-- Input for this task follows --
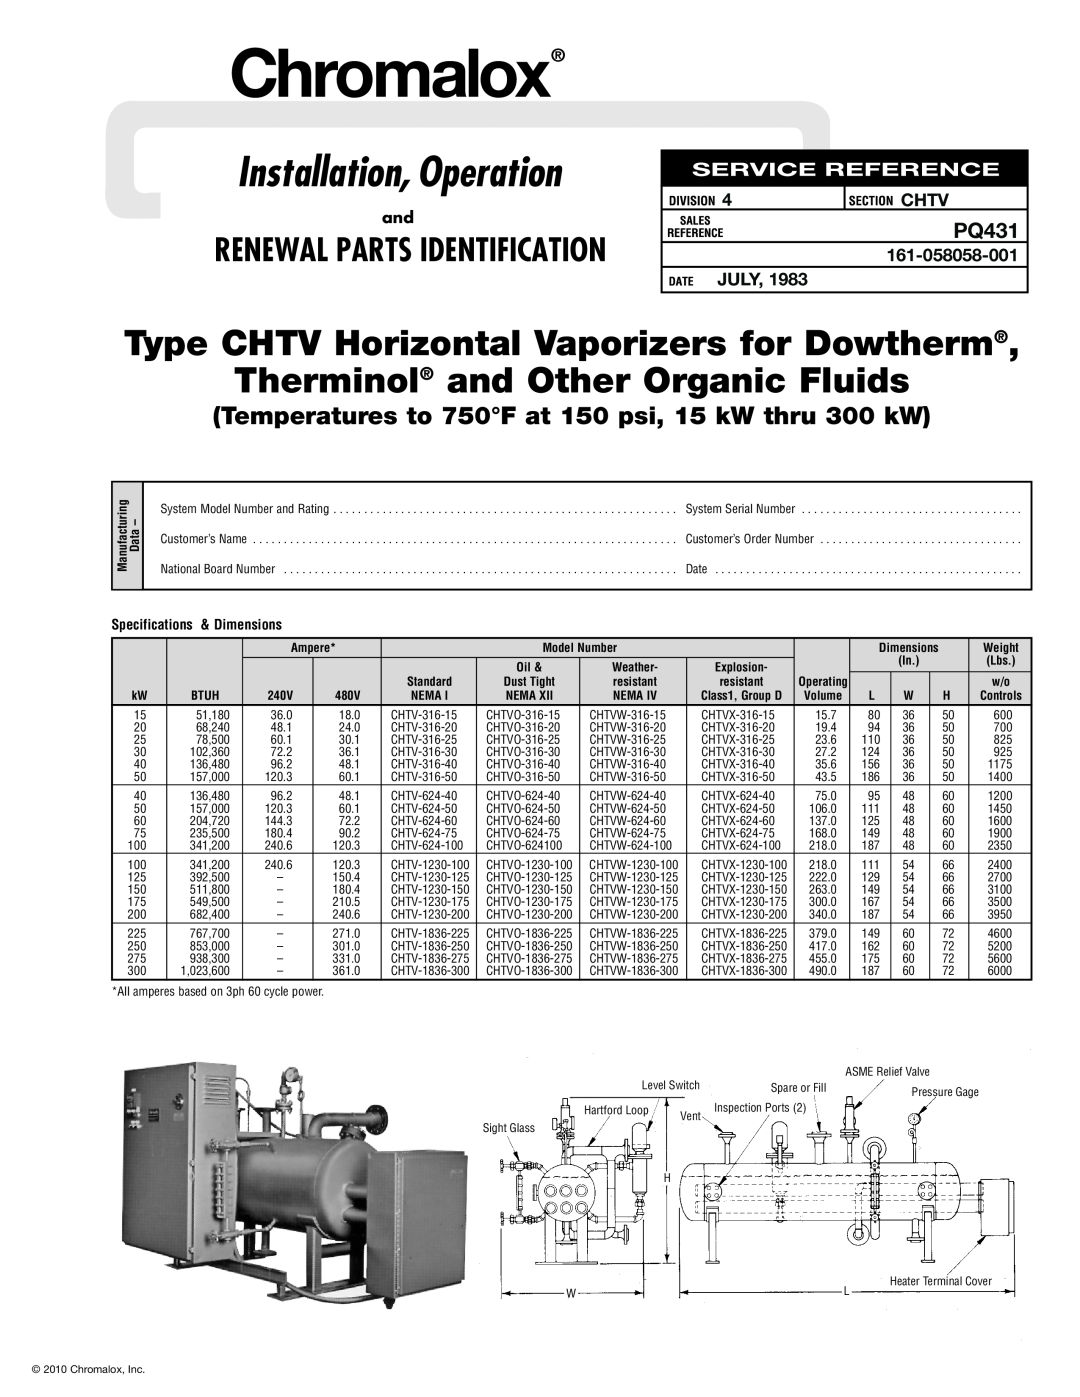 Chromalox PQ431 specifications Chtv, July, Installation, Operation, Type CHTV Horizontal Vaporizers for Dowtherm 
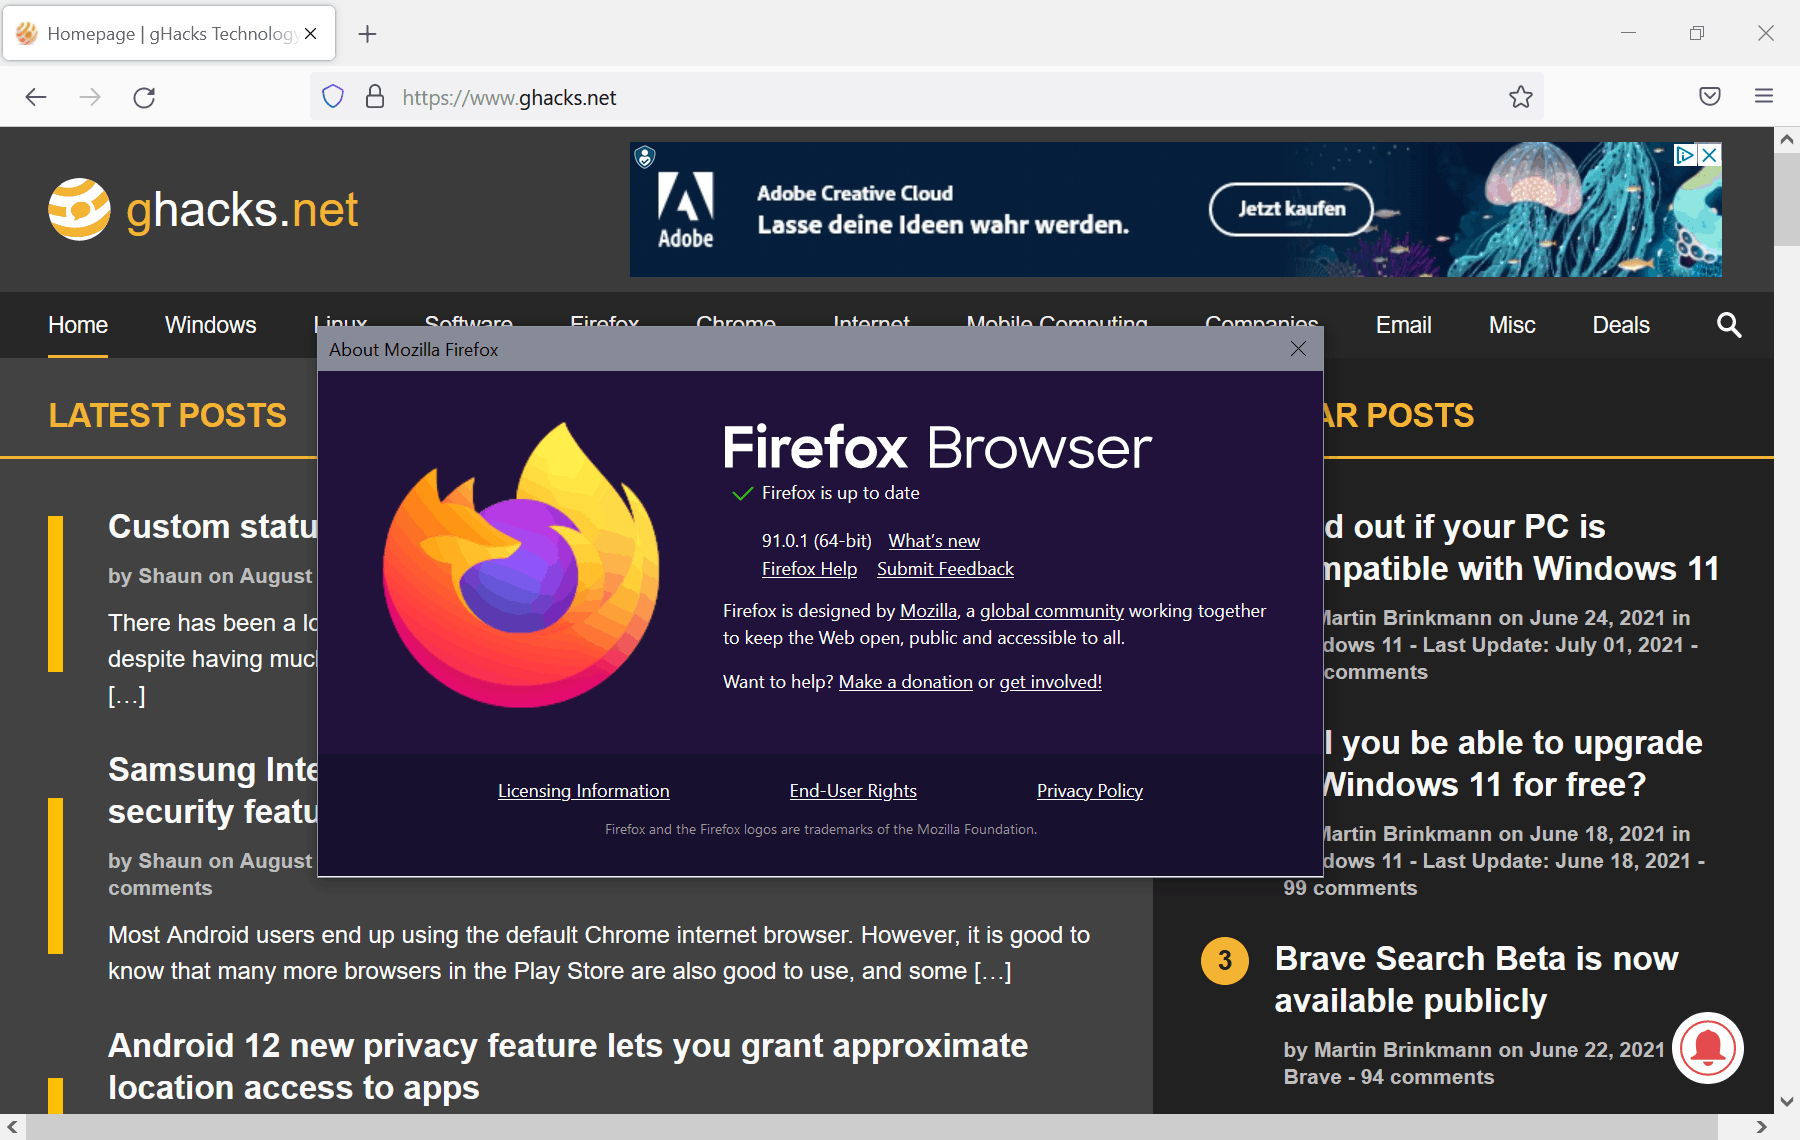 Firefox 91.0.1 fixes stability and security issues
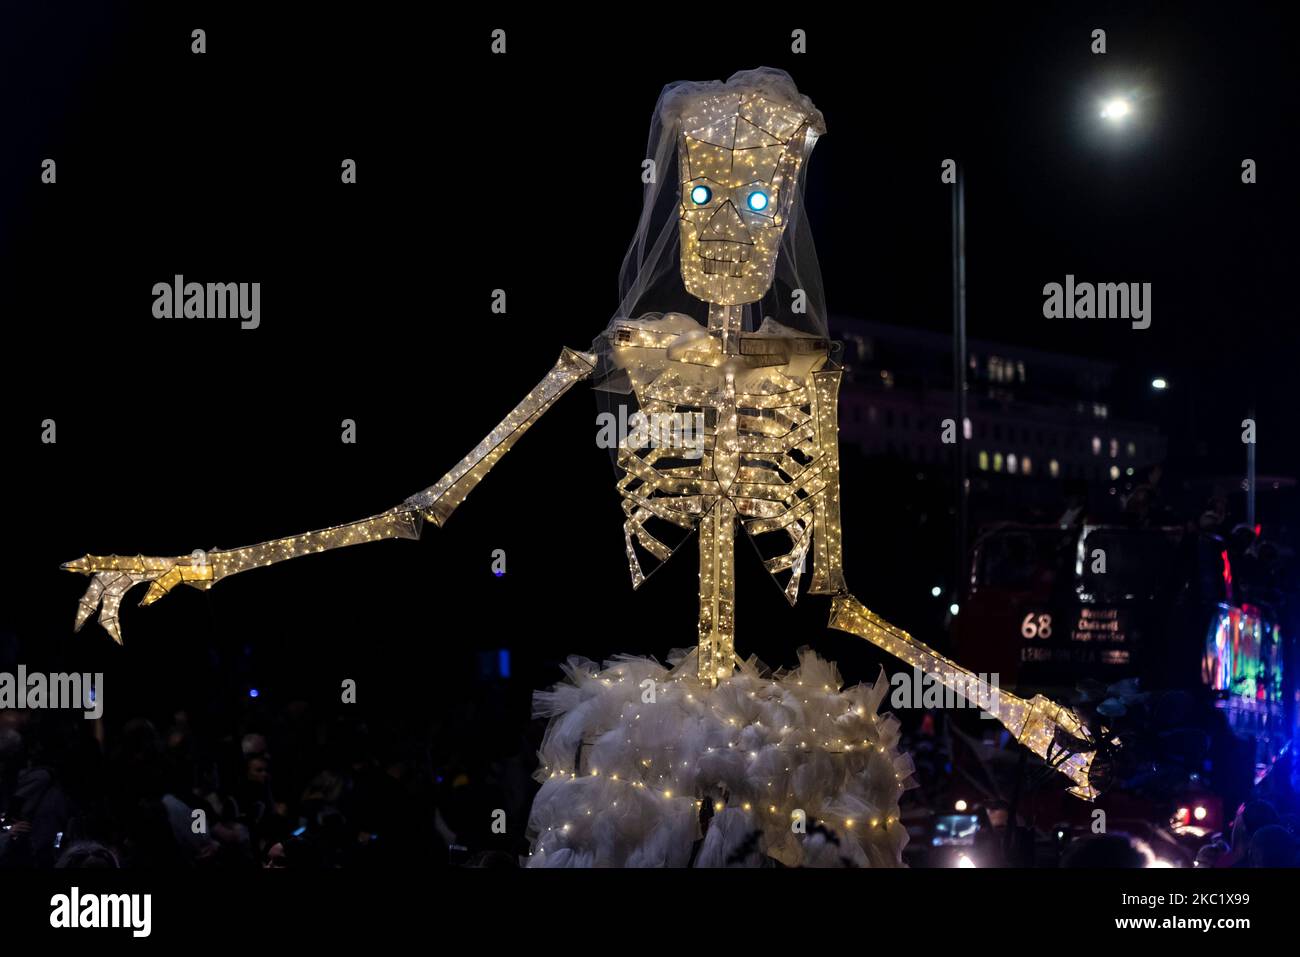 Corpse bride at the Halloween Parade in Southend on Sea, Essex, UK. Large illuminated figure by local artist sculptor Dave Taylor Stock Photo
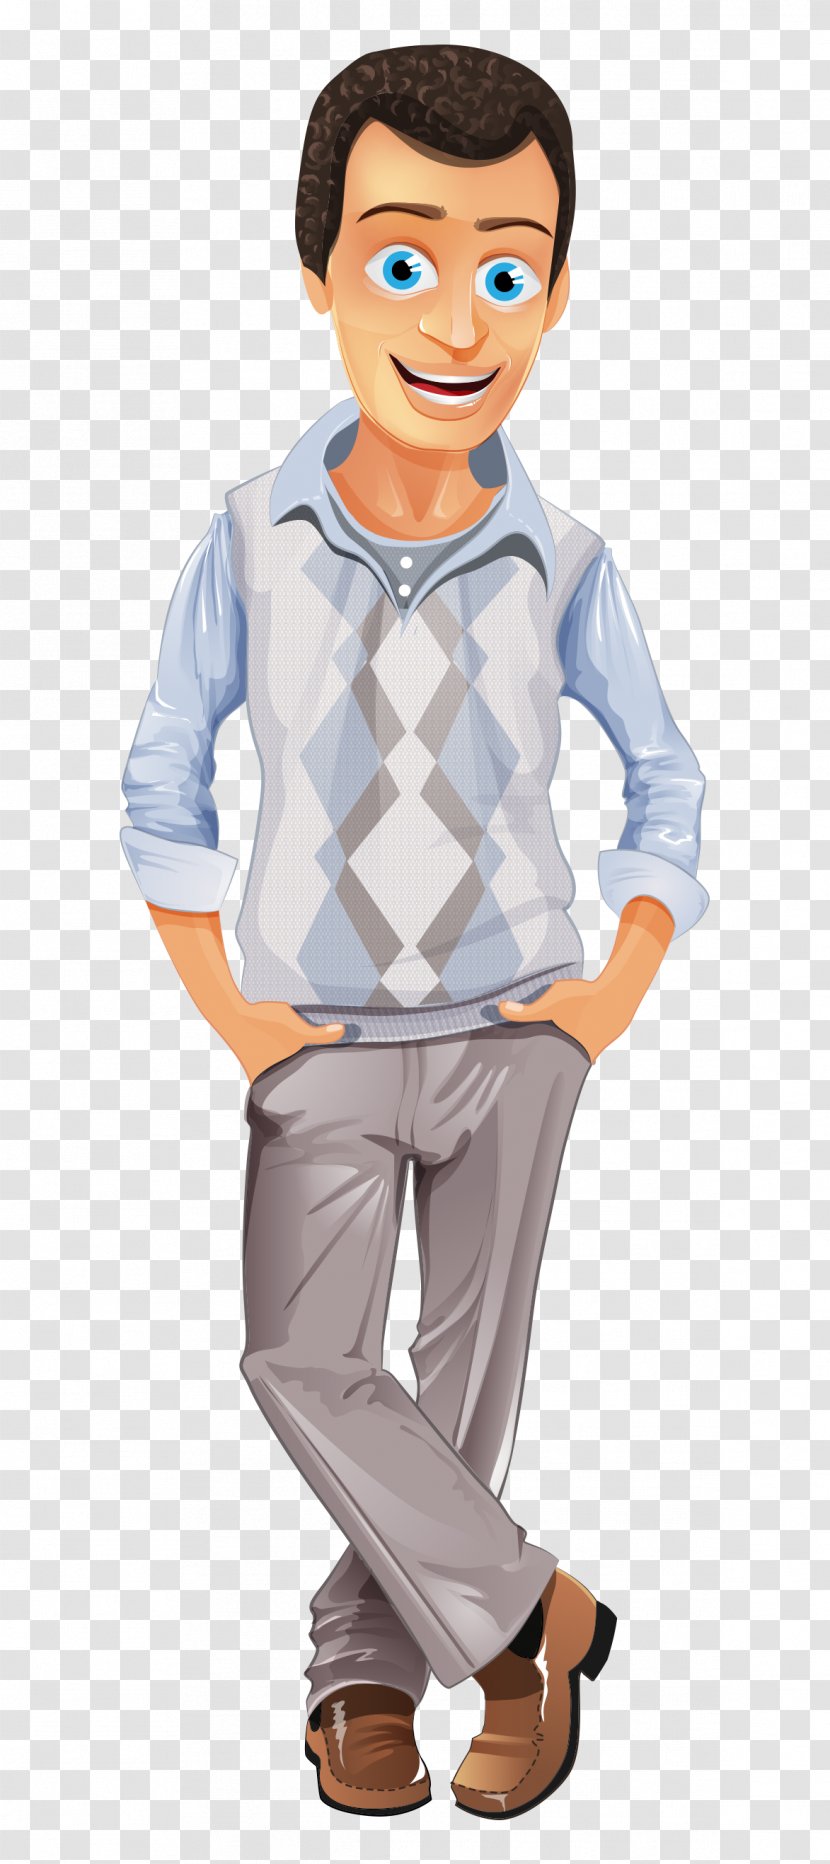 Business Casual Friday Clip Art - Toddler - Fashion Hand-painted Cartoon Man Transparent PNG
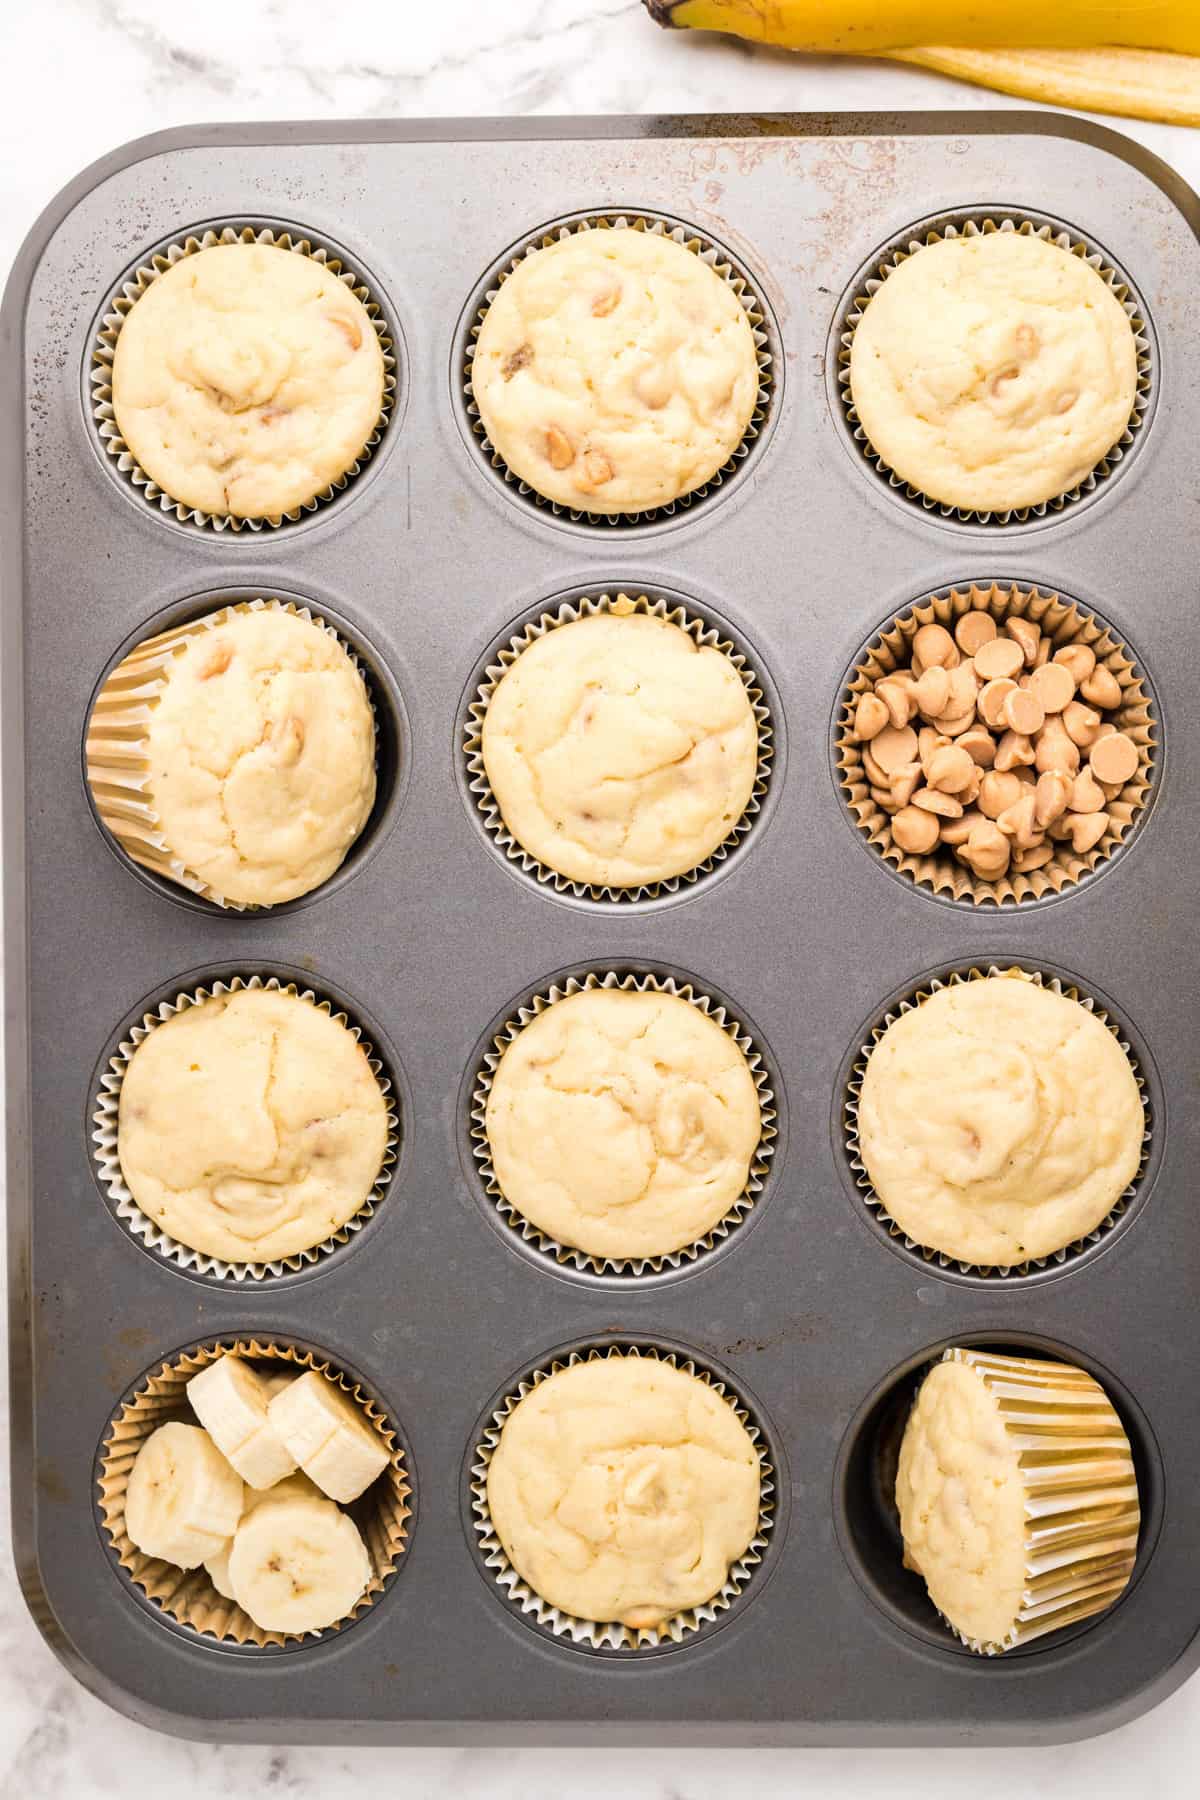 Finished Pancake Muffins in baking tin with some wells filled up with bananas and peanut butter chips.
-- Input for this task concluded --
Reproduce the lines of the data that run from the one containing "Corpse bride at" to the final line, both included, exactly as they appear and without the pictures.

## Response
 Corpse bride at the Halloween Parade in Southend on Sea, Essex, UK. Large illuminated figure by local artist sculptor Dave Taylor Stock Photo
 Business Casual Friday Clip Art - Toddler - Fashion Hand-painted Cartoon Man Transparent PNG
 Finished Pancake Muffins in baking tin with some wells filled up with bananas and peanut butter chips.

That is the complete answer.